Function points “are derived using an empirical relationship based on countable measures of software’s information domain and subjective assessments of software complexity” [21]. “One of the initial design criteria for function points was to provide a mechanism that both software developers and users could utilize to define functional requirements…. herefore, one of the primary goals of FPA is to evaluate a systems’s capabilities from a user’s point of view…. From a user’s perspective, a system helps them do their job by providing five basic functions. Two of these address the data requirements of an end user and are referred to as data functions. The remaining three address the user’s need to access data and are referred to as transactional functions” [22]. These five basic functions are internal logical files, external interface files, external inputs, external outputs, and external inquiries.
Internal Logical Files (ILF) are “logical groupings of data in a system, maintained by an end user.” External interface files are “groupings of data from another system that are used only for reference purposes.” External inputs are those functions that allow users to add, change, and delete data in internal logical files. External outputs allow users to produce outputs of data that is either in internal logical files or external interface files. External inquiries allow users to select and display specific data from internal logical files or external interface files.
Once these basic counts are completed there are two adjustment factors used to calculate function points, the functional complexity of each function and a value adjustment factor. The complexity factors are low, average or high. The value adjustment factor is an attempt to weigh a system“s technical and operational characteristics. The scores from these fourteen adjustment areas may increase or decrease the unadjusted function point count. These fourteen areas have sometimes been called processing complexity factors or general application characteristics.
Data Communications—data and control information used in the application is sent or received over communication facilities including “various networks, concentrators, multiplexers, and private lines” [23] and LANs.
Distributed Data Processing—“the application uses data stored, accessed, or processed on a storage or processing system other than the one used in the main program routines” [24].
Performance—there are performance objectives such as response or throughput which influence the design, development, installations, and support of the application.
Heavily-used configuration—there are heavy use considerations or special main memory or storage considerations.
Transaction rate—there is a high transaction rate which influences the design, etc.
On line inquiry and data entry—these are characteristics which influence the security and control functions of the application.
End-User efficiency—there are human machine factors for “user-friendliness”, etc. which influence the design.
On-line update—there are requirements for on-line update of internal logical files. This effects the design of the system to include audit and recovery systems.
Complex Processing—there could be logical or mathematical complexities, control, security, or other attributes that add complexities.
Reusability—attributes which require analysis, planning, co-ordination or special design to interface with other programs or processing.

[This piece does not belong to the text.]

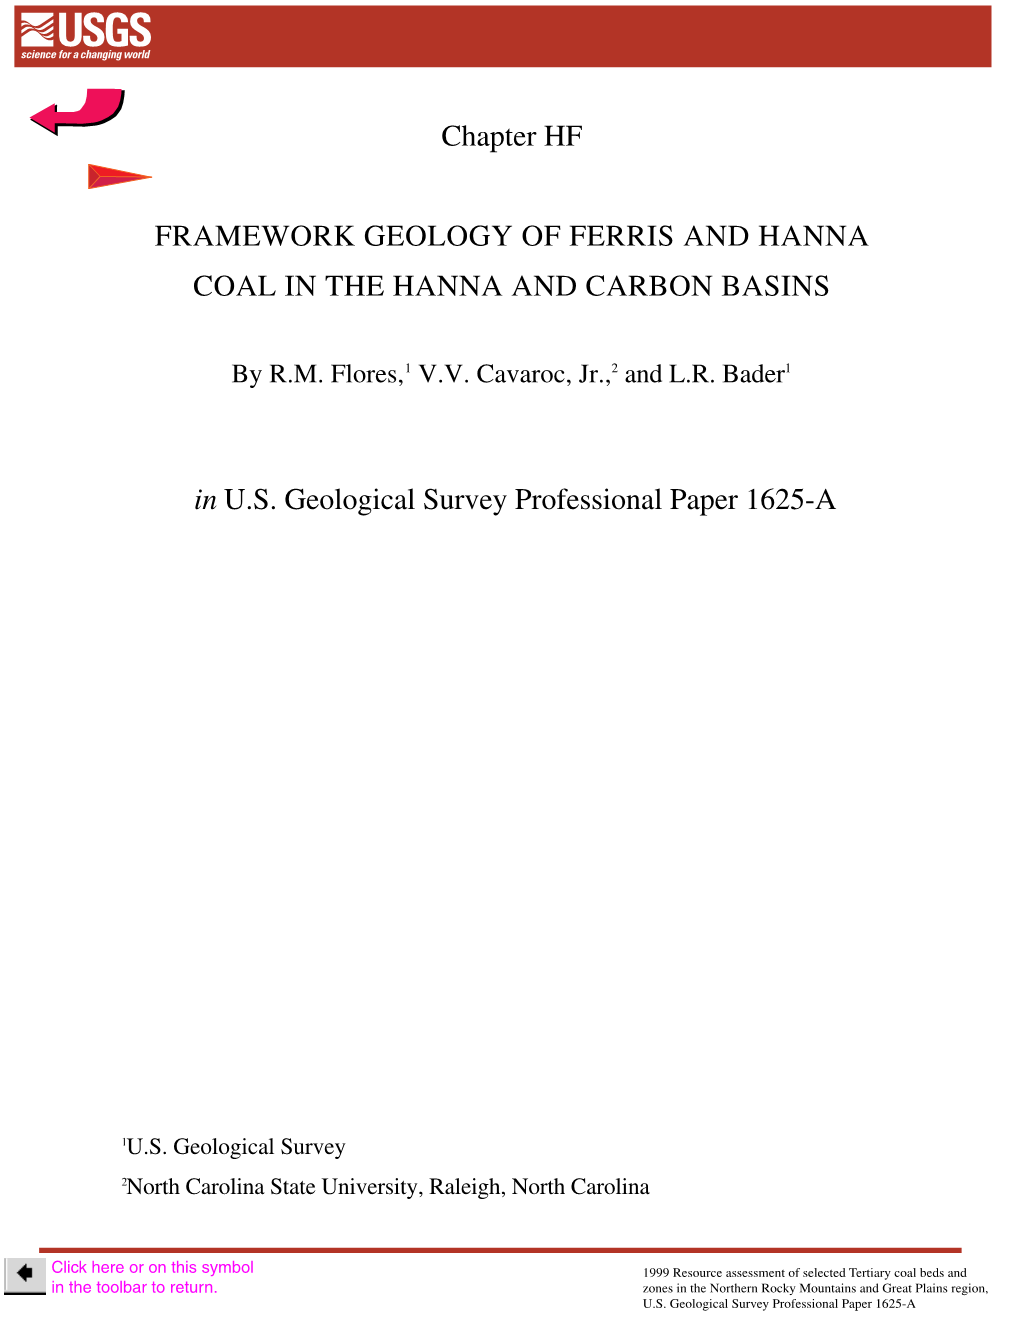 Chapter HF FRAMEWORK GEOLOGY of FERRIS and HANNA COAL IN

Conversion and installation ease—includes conversion and installation plan or tools.
Operational ease—includes purpose to “provide effective but easy startup, backup, error recovery, and shutdown procedures” [25].
Multiple sites—application designed, developed, and supported for multiple sites or implementations.

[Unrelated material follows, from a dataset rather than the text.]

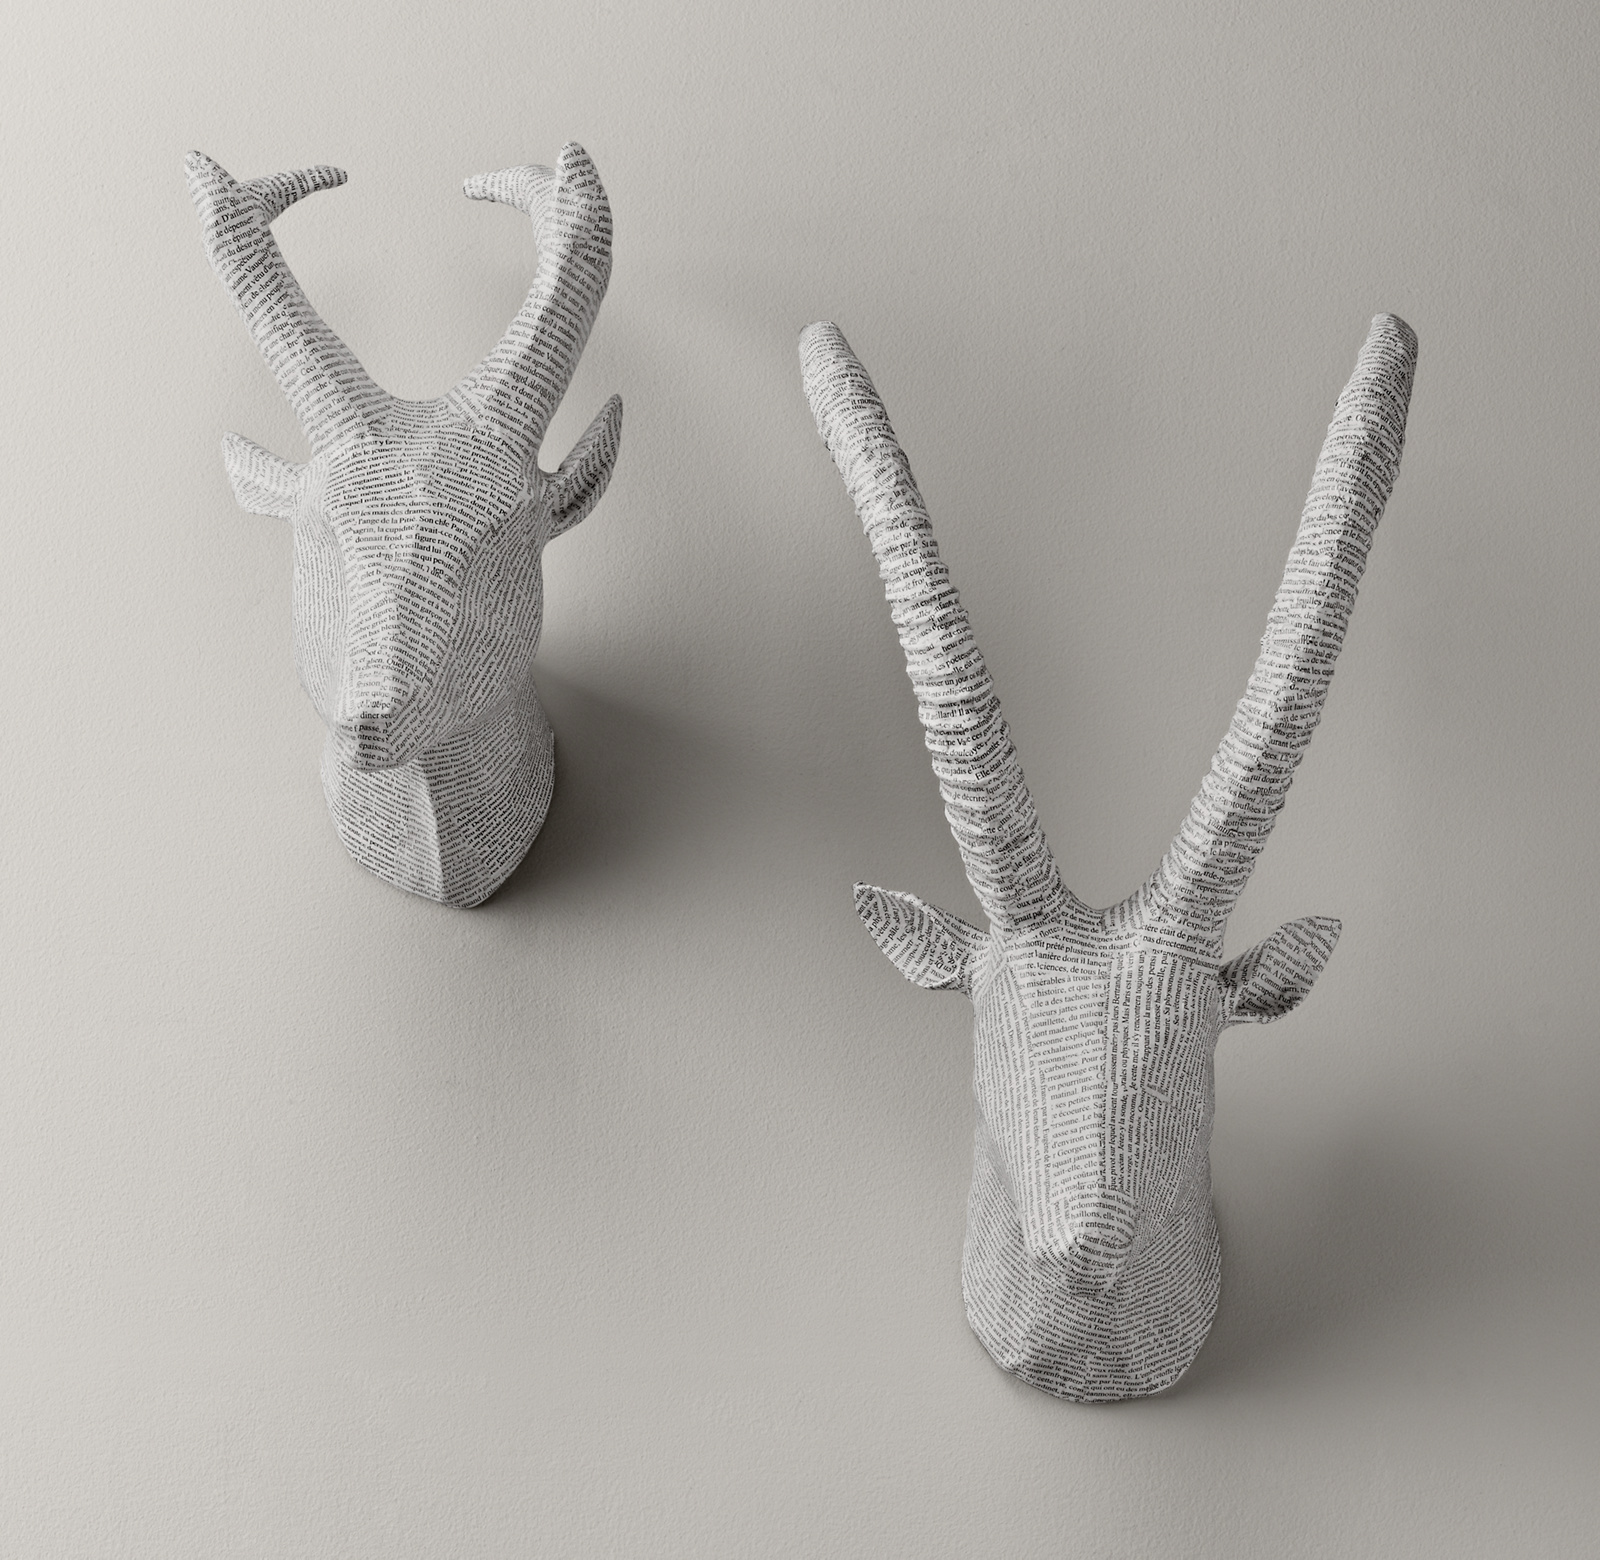 Shown (left to right) in Pronghorn and Sable.

Flexibility—application has been designed, developed, and supported to facilitate change which includes planning for future maintenance and modification.
The concept of function points seems to be sound, i.e., that the size and complexity of software can be judged by items such as the number of files utilized. No matter what language was used to code such a system, the number of files utilized would remain the same.
4. Derived Measurements
Other measures are used for evaluating and estimating custom developed software. These measures are not usually used for commercial off the shelf packages. Measures exist for quality, complexity, reliability, and maintainability of the software, and productivity of the software developers. There are also measures for estimating the cost or the timing of a software development project. Quite often these measures use lines of code or function points as a basis for measures such as number of defects per lines of code, number of function points per staff month.
4.1 Quality Measures
Quality measures exist for the process of developing software and for the software product itself. Most quality measures relate to the software product itself but the increased acceptance of ISO 9000 standards has made some of the process model measures more widely used.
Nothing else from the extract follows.